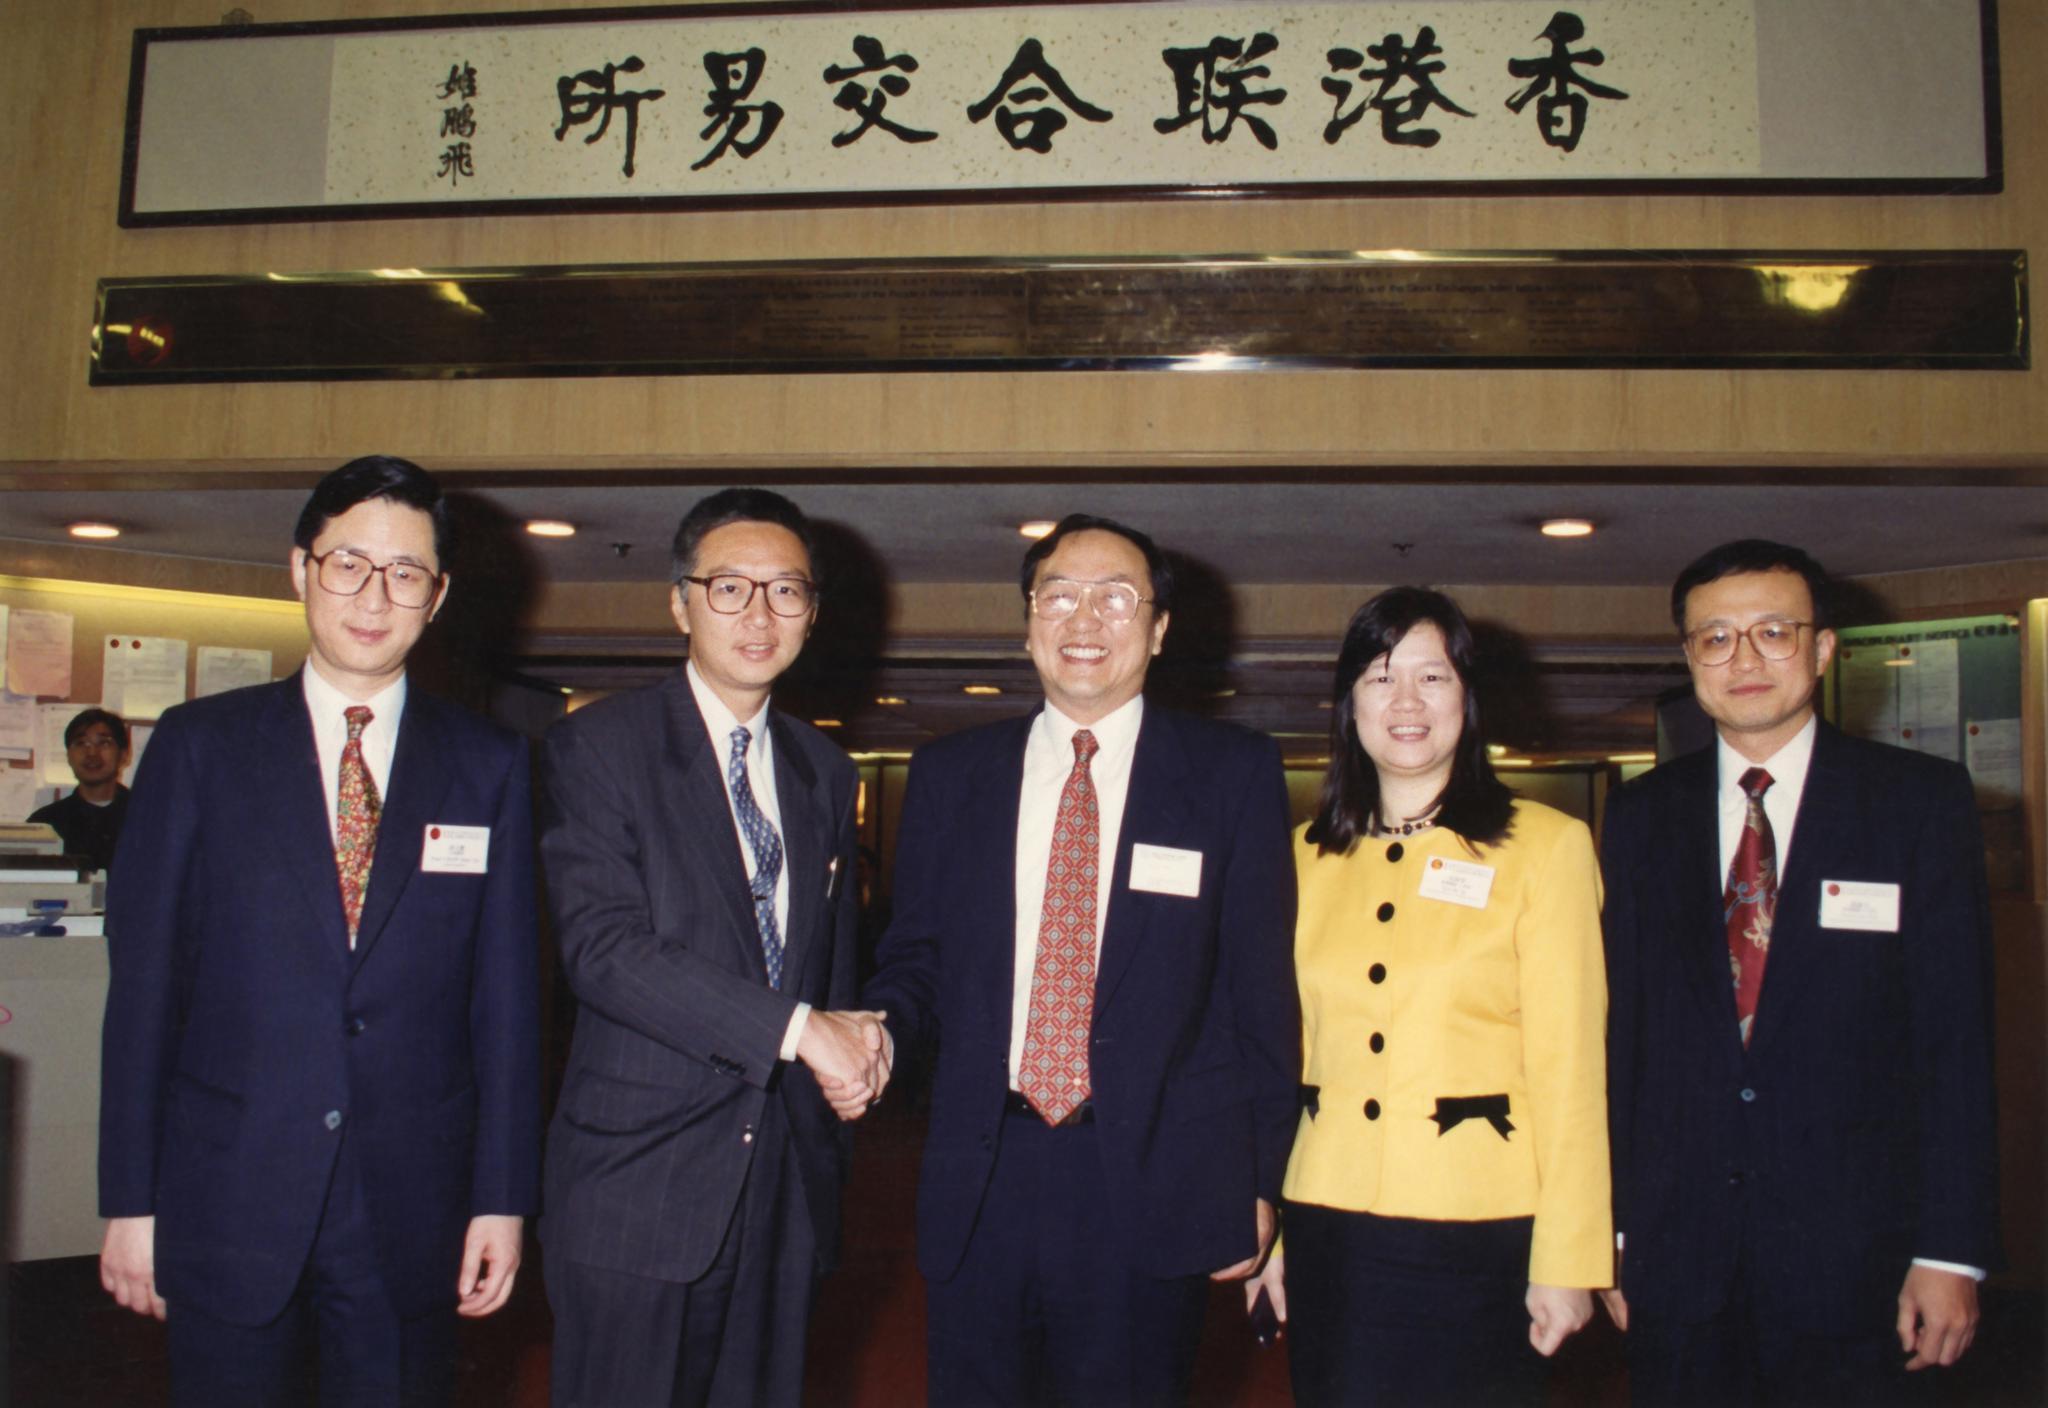 1994年2月14日,联想在香港说相符交易所主板上市。
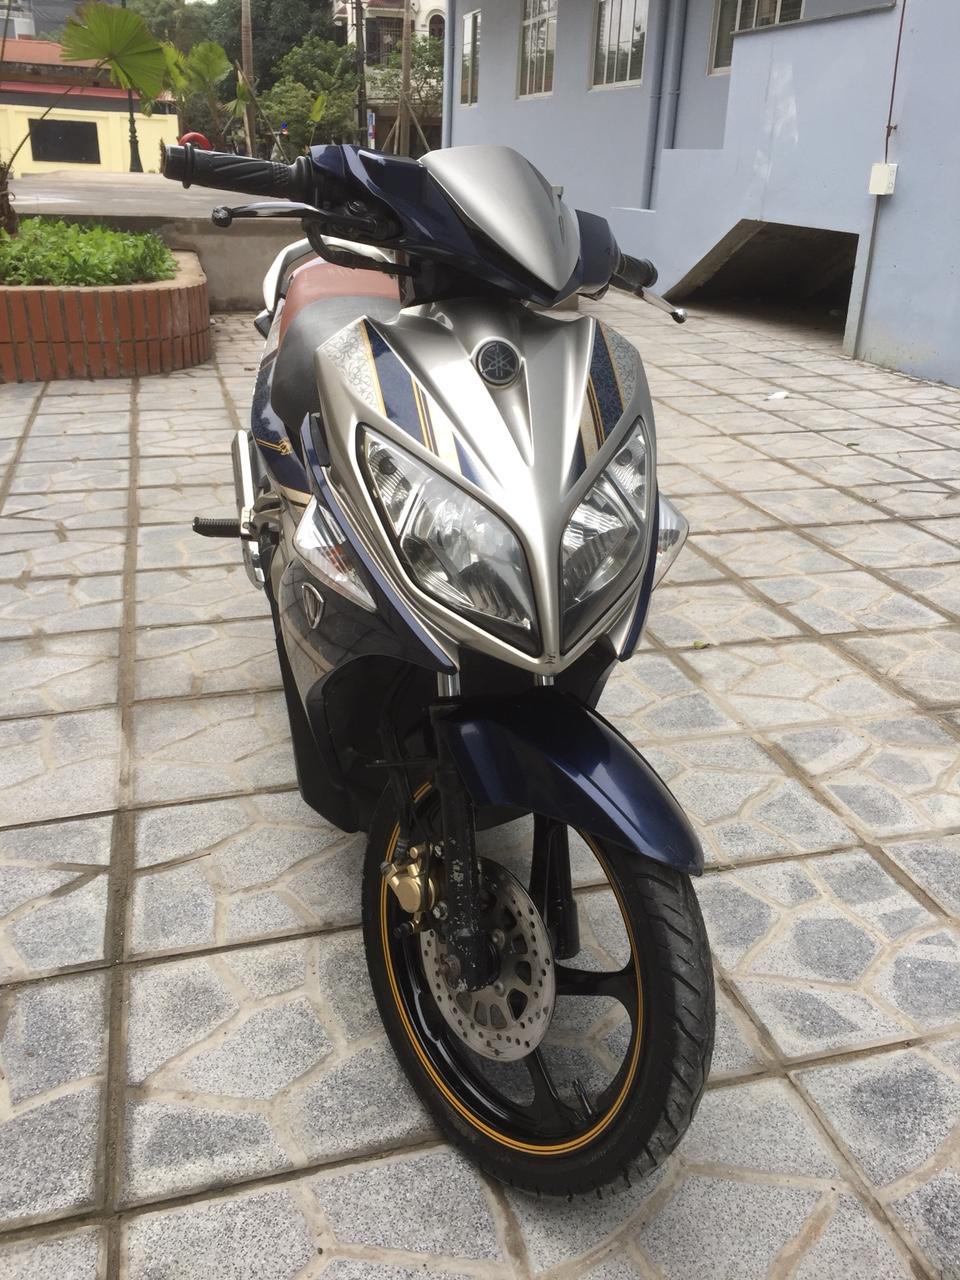 Ban Yamaha Nouvo lx 135 IV 2012 chinh chu bien HN xe cuc chat moi 90 - 2
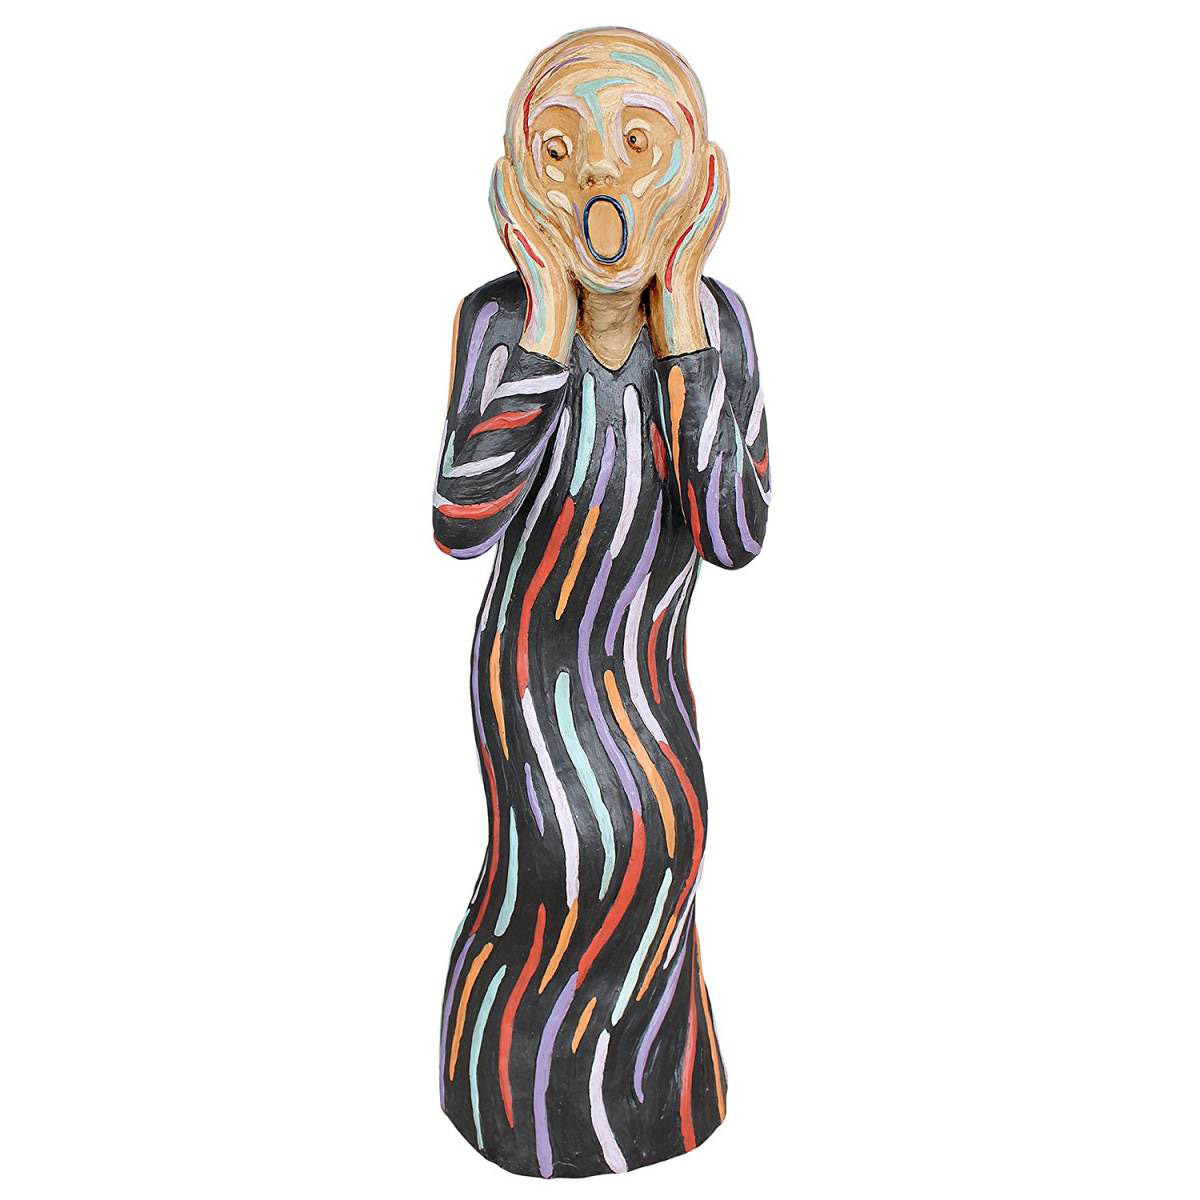 デザイン・トスカノ製 ムンク の叫び (エドヴァルド・ムンク)サイレントスクリーム像、中サイズ、マルチカラー 彫像 彫刻(輸入品

▸ TASK TO COMPLETE
Return the listing unchanged, but drop every picture.

▸ ANSWER
 1994年2月14日,联想在香港说相符交易所主板上市。
 Ban Yamaha Nouvo lx 135 IV 2012 chinh chu bien HN xe cuc chat moi 90 - 2
 デザイン・トスカノ製 ムンク の叫び (エドヴァルド・ムンク)サイレントスクリーム像、中サイズ、マルチカラー 彫像 彫刻(輸入品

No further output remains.